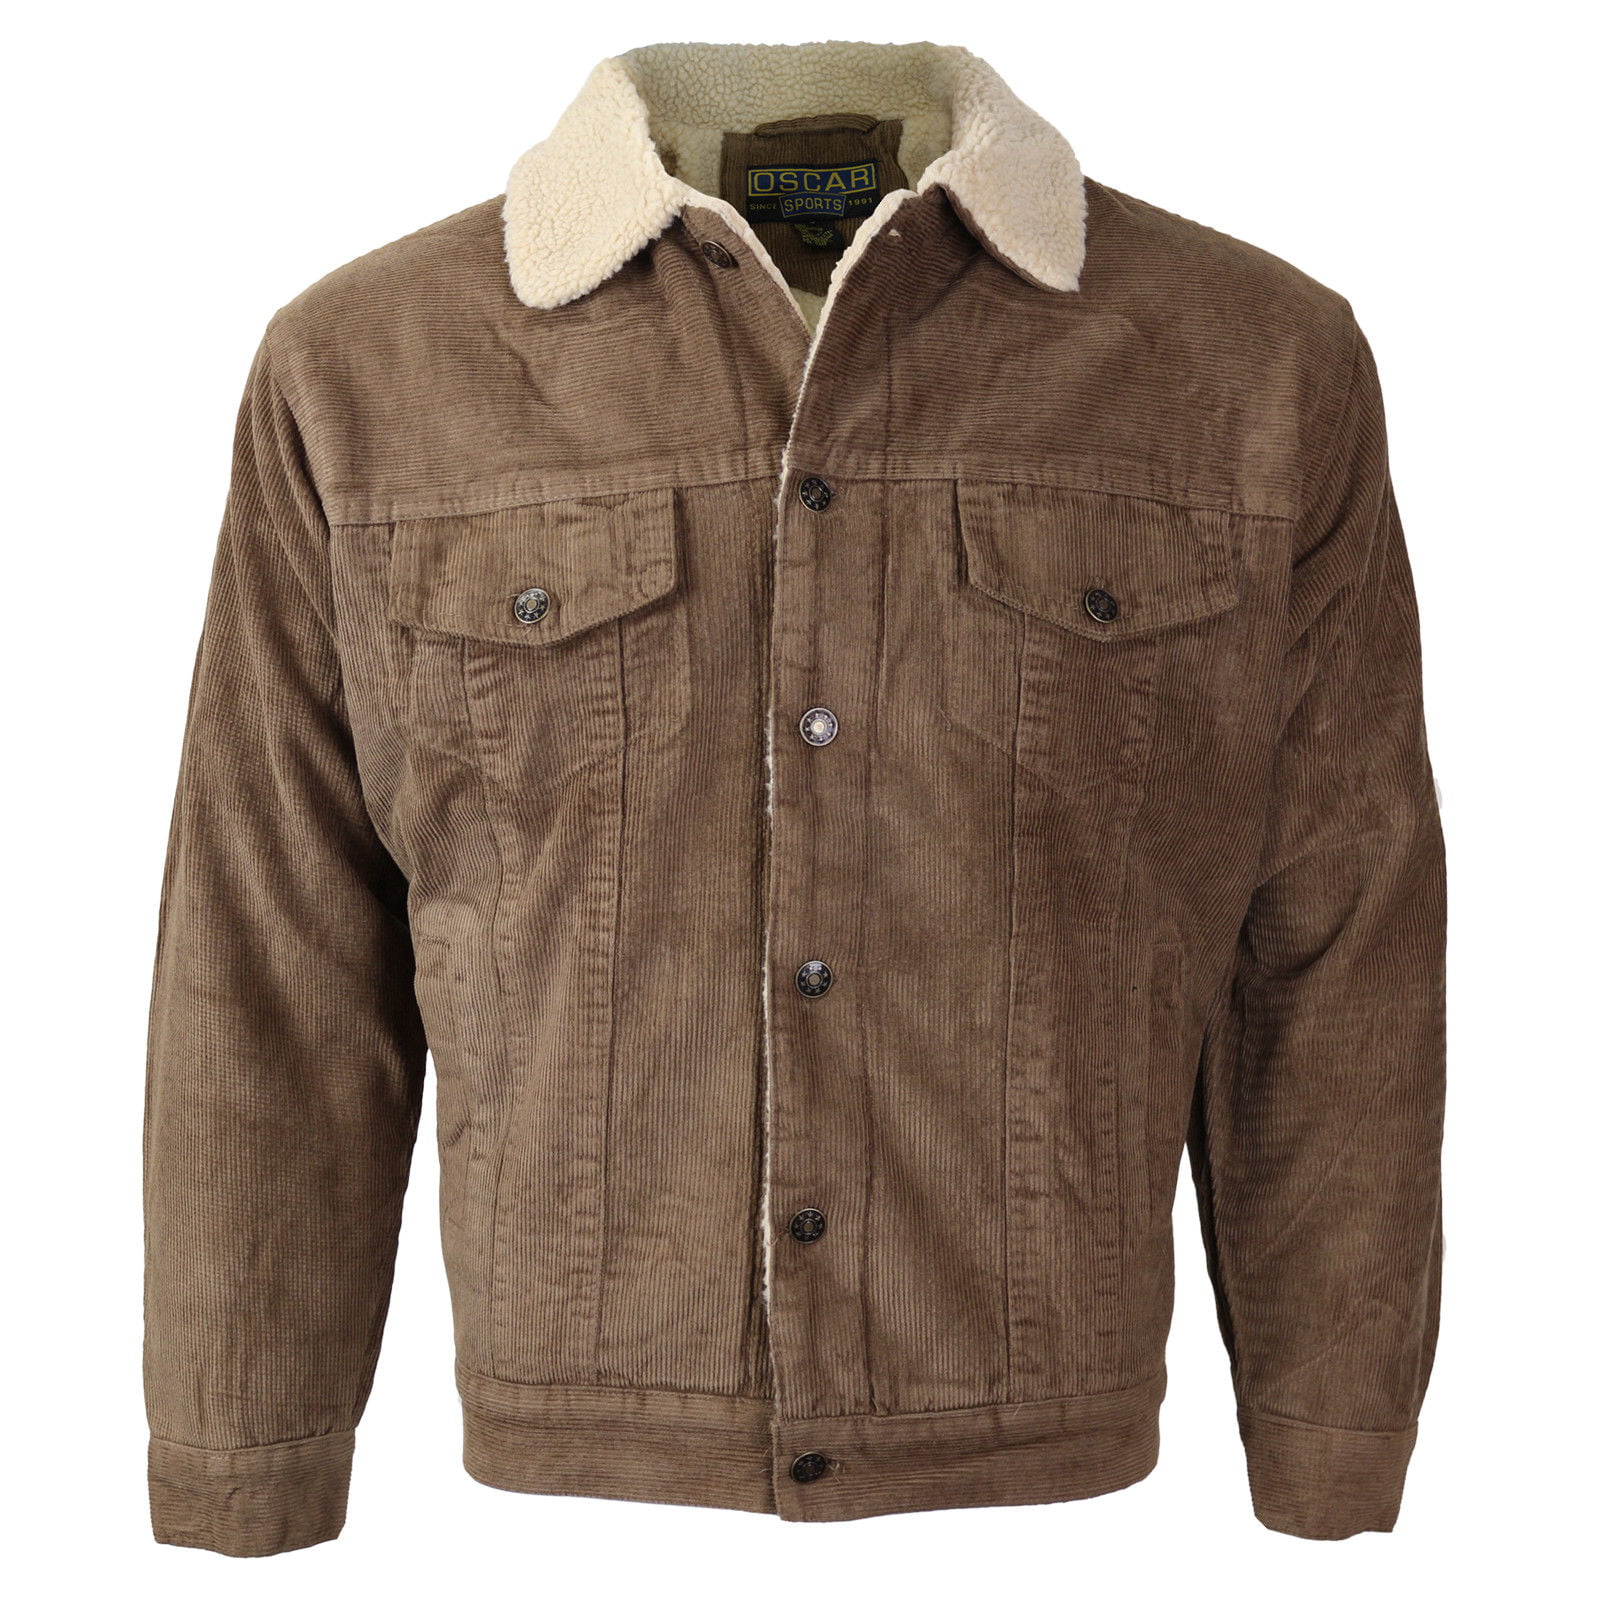 brown corduroy sherpa jacket mens
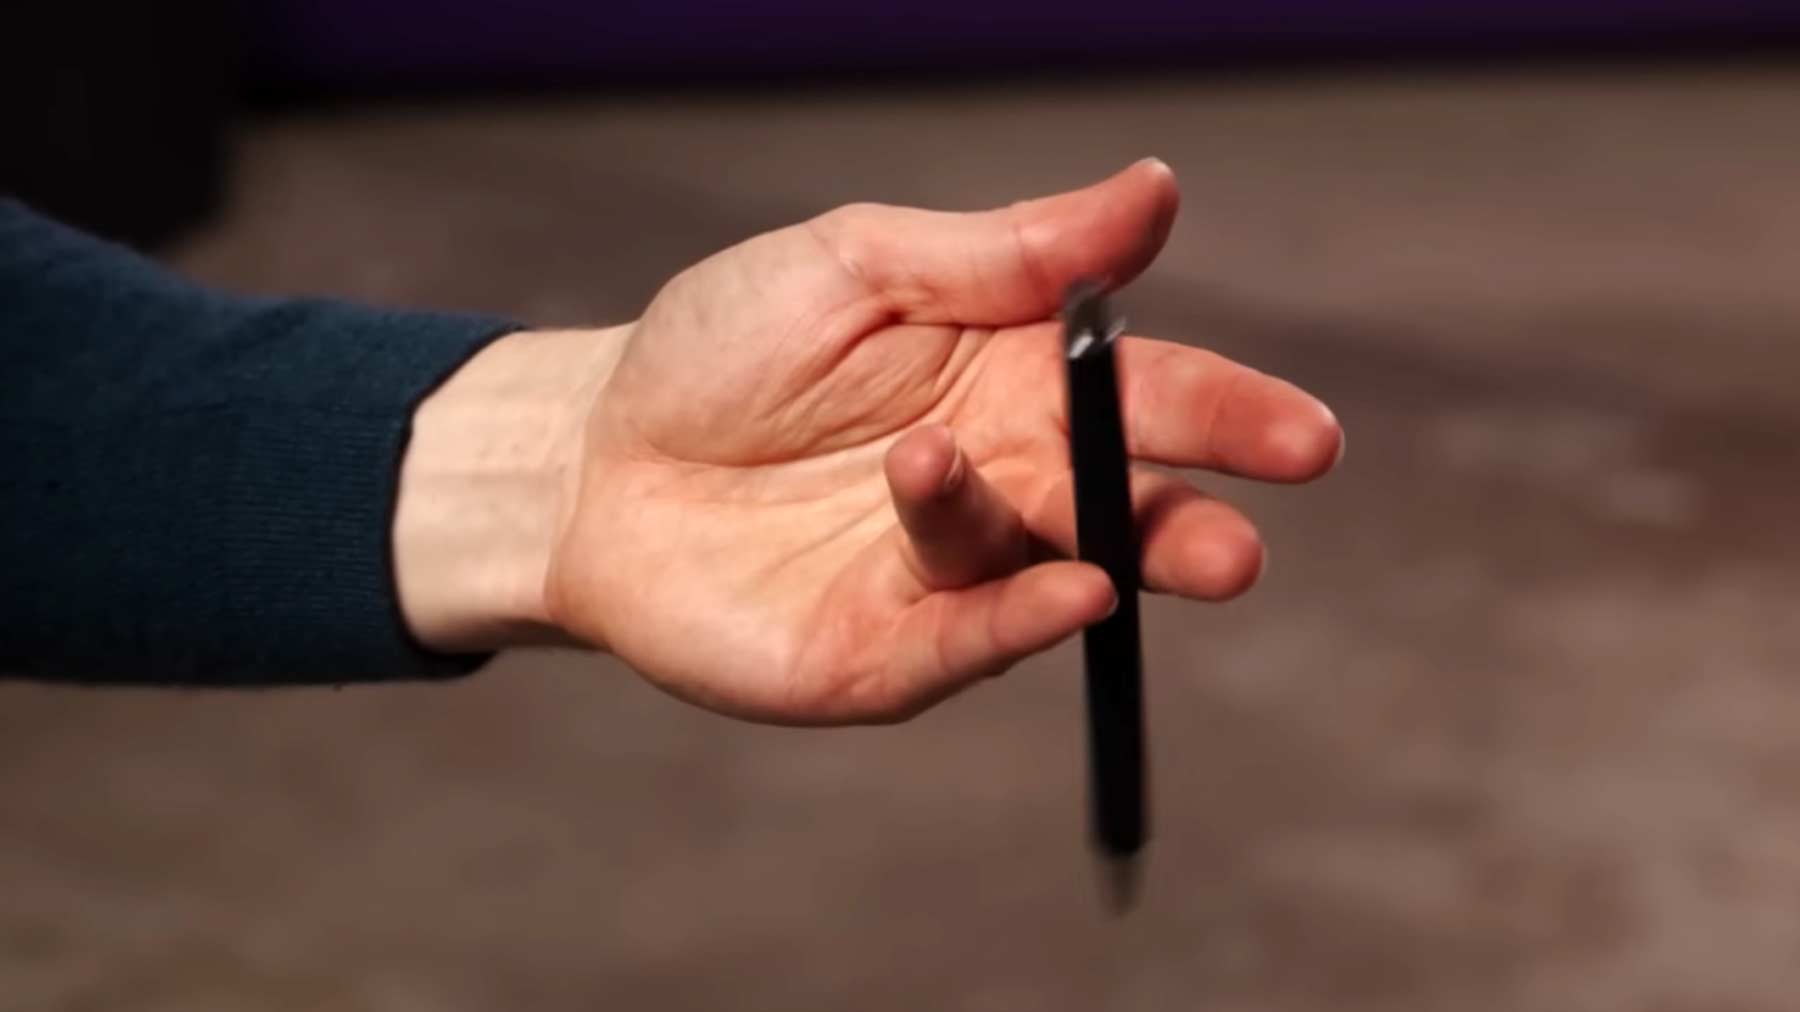 Stift mit den Fingern drehen: Tutorial von einfach bis komplex stiftdrehen-tutorial-mit-finger-hand 
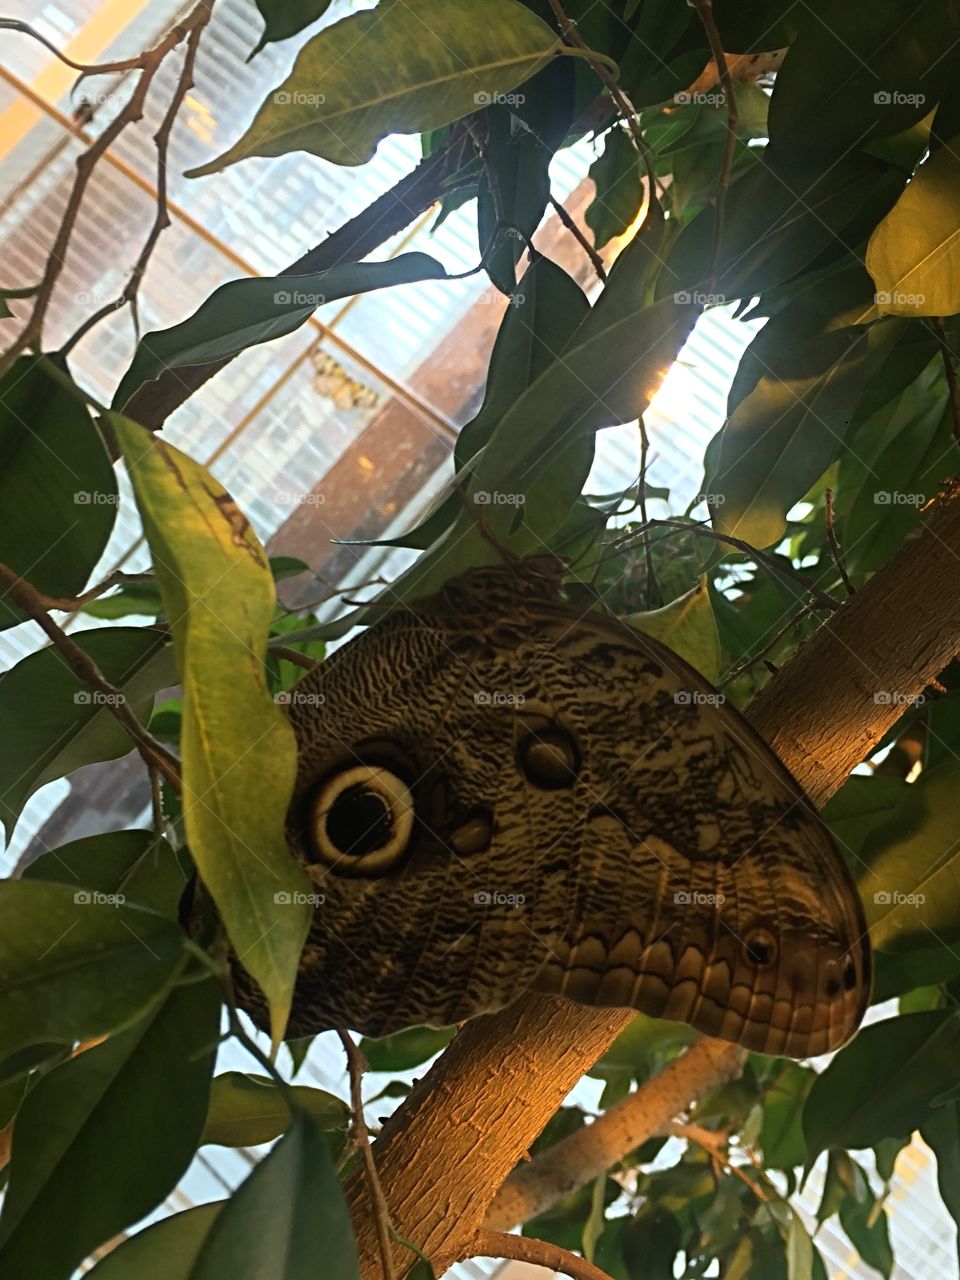 Butterfly in tree
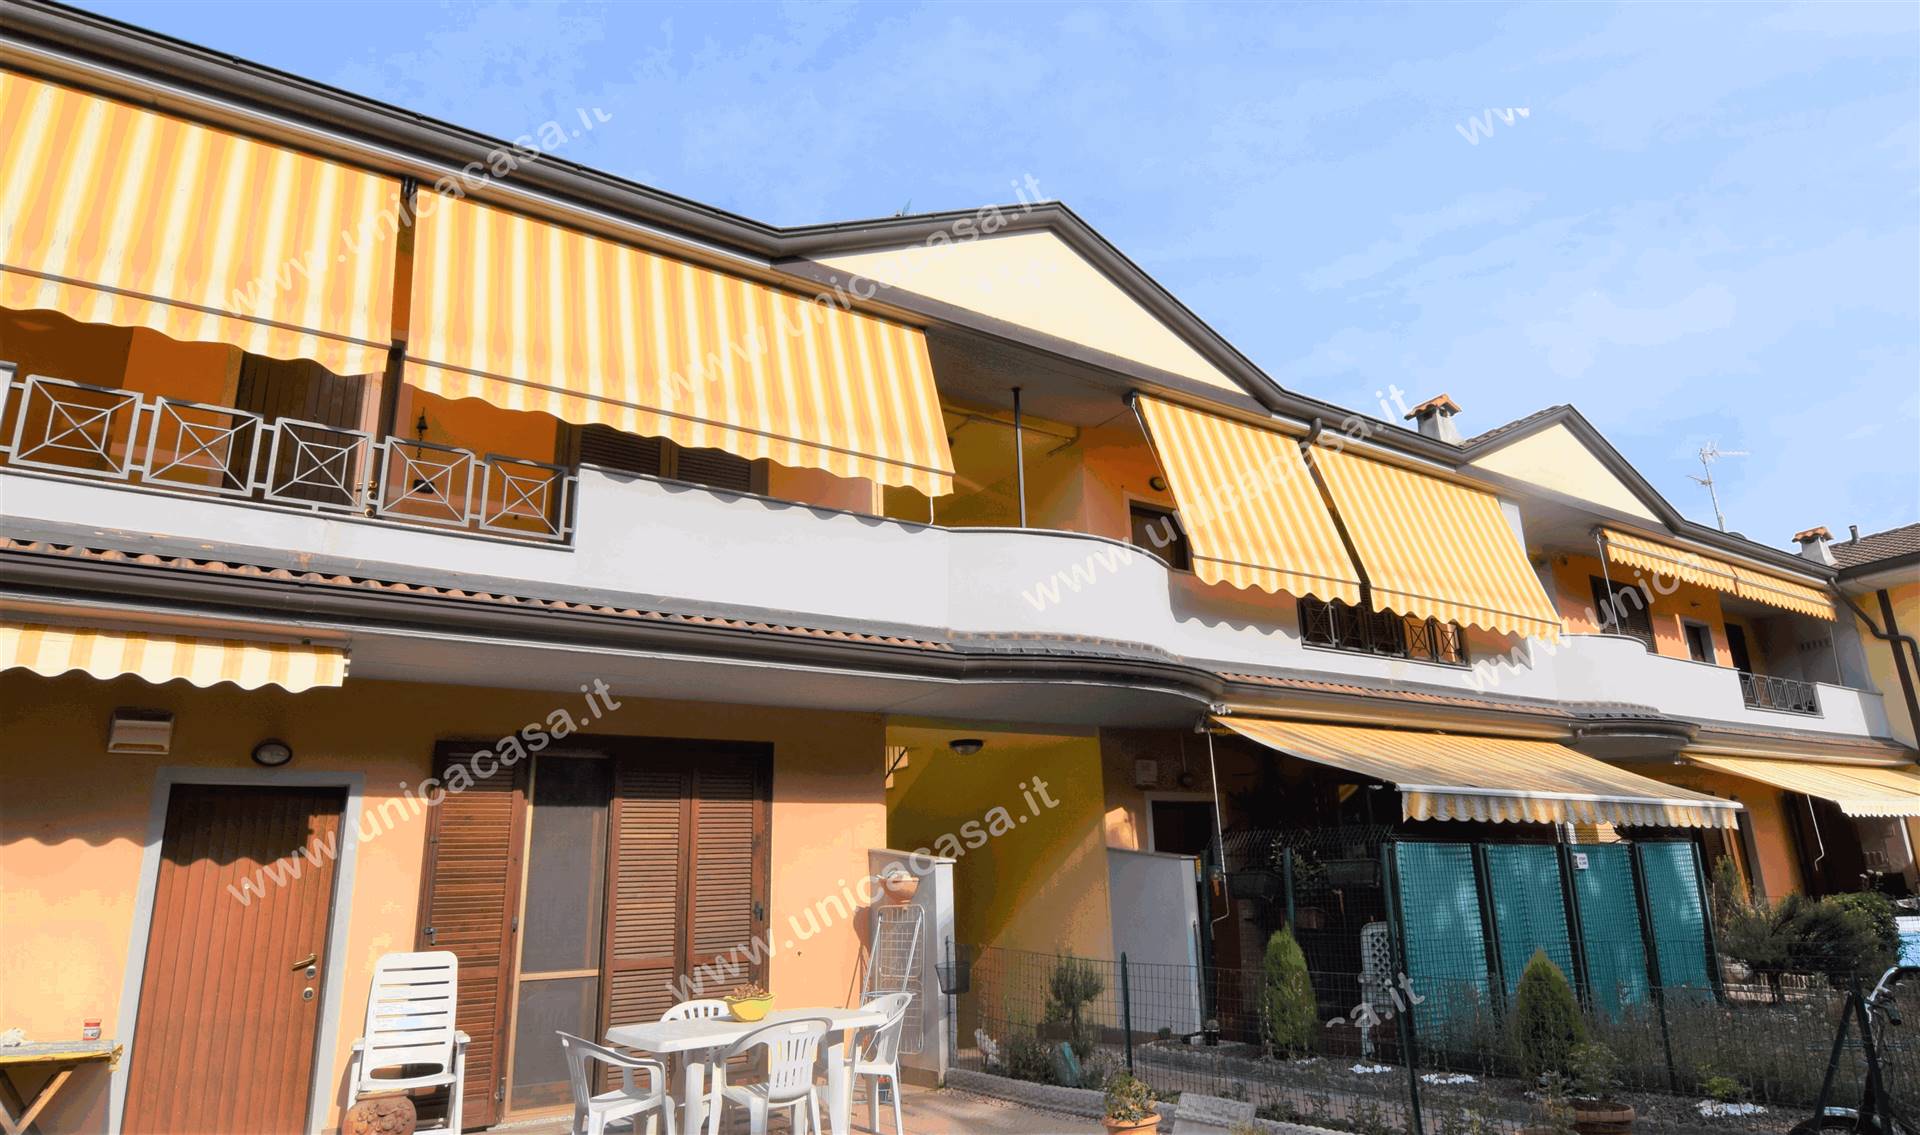 Appartamento in vendita a Arcene, 3 locali, prezzo € 100.000 | CambioCasa.it

____

**REQUIRED WORK:**
What you give back must be exactly the lines of the listing above from the line containing "Stift mit den" through its last line, inclusive, without pictures, please.

**EXERCISE ANSWER:**
 Stift mit den Fingern drehen: Tutorial von einfach bis komplex stiftdrehen-tutorial-mit-finger-hand 
 Butterfly in tree
 Appartamento in vendita a Arcene, 3 locali, prezzo € 100.000 | CambioCasa.it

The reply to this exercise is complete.